Thanks for the handy chart, Amy. We definitely plan to have our kids in economy/premium economy at some point with parents in a premium cabin. Our kids get unfettered access to screens on flights which is a huge novelty for them. They barely talk to us! If we’ve done our job as parents they know what’s acceptable behaviour on a flight and act accordingly. We get lots of compliments when we fly on how great our kids are 🙂 Being a few rows away from mom and dad will be give them a great sense of independence.

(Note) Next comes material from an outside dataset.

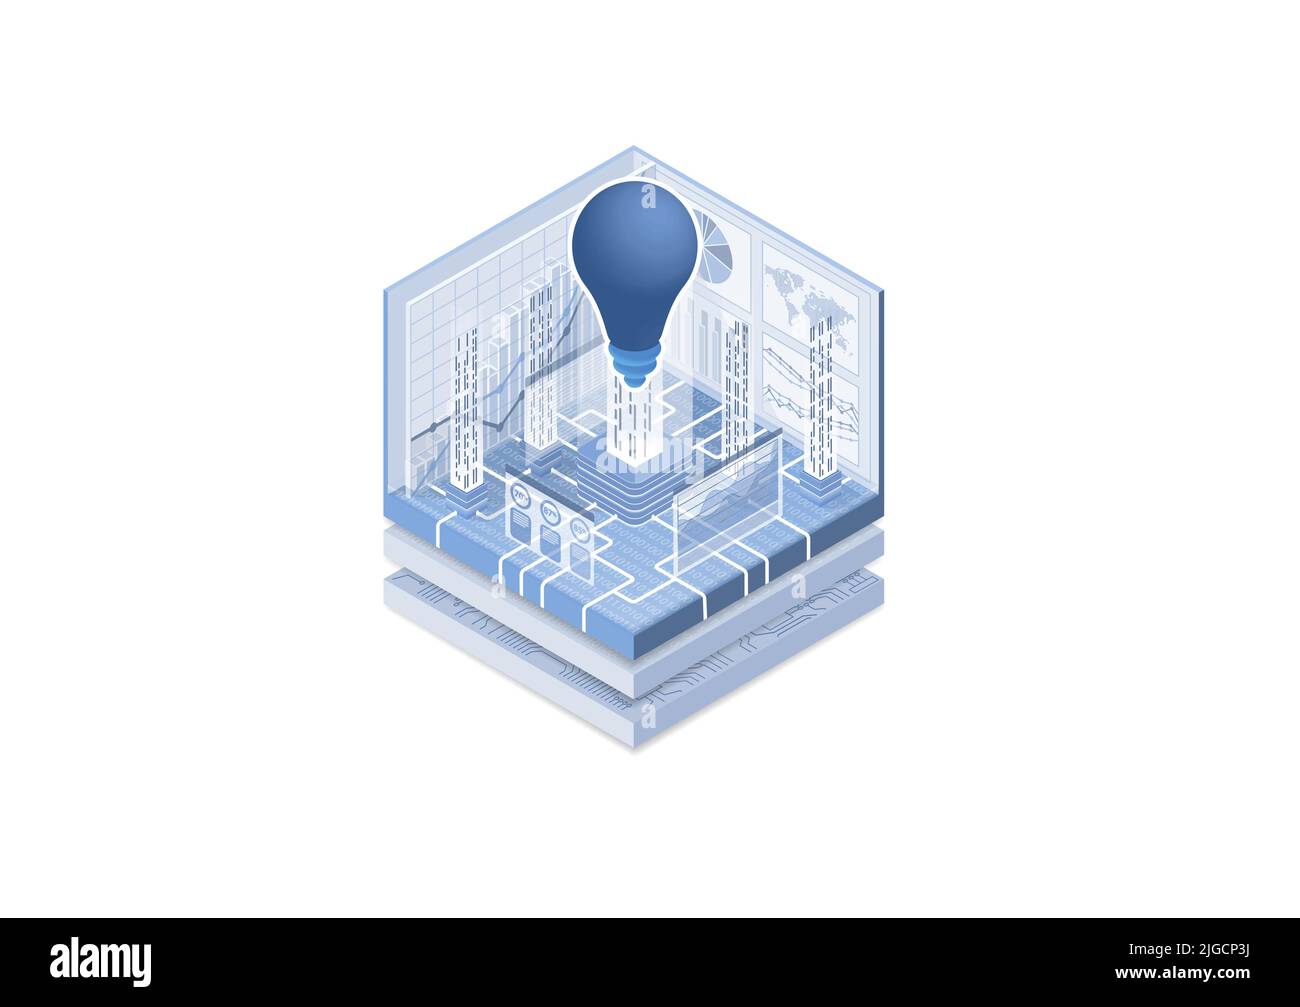 Technology innovation concept. Vector illustration of an isometric cube. Symbol of a light bulb. Ideation of new digitization ideas. Stock Vector

We flew in business a few times with my oldest as a toddler and there were lots of glares. Particularly once he had his own seat. I also found it stressful because I didn’t want to ruin
anyone’s premium cabin experience. Luckily he had a good flight each time.
Appreciate this post!
This is an absolutely terrible idea. Holidays are family time and if you set up the dynamic that your kids are second class citizens in your family they will remember that for life. We took our young children many times on trans-Atlantic flights and we would never have dreamted of relegating them to the back cabin. We sat with them in economy and the experience was wonderful. Now as adults they talk about how much family holidays meant to them, and we are a very close knit family group. For goodness sake do not do this.
That’s awesome! Enjoy!
It’s ultimately up to the individual parent to weigh their comfort and expense of having well-behaved children versus their self-awareness of potentially bringing a constant disturbance to 20-30+ individuals in a J cabin. Nobody else can weigh that decision for them, but they had best be prepared for the laser beam judgement if the objective privilege of flying J (either on merit or ‘points merit’) is fouled by unruly passengers.
Thanks for the info, I’m going to Dubai on Emirates with my 12 and 10 yr olds in economy and we’re going in business. They’re excited to be away from us and we’re excited to be alone.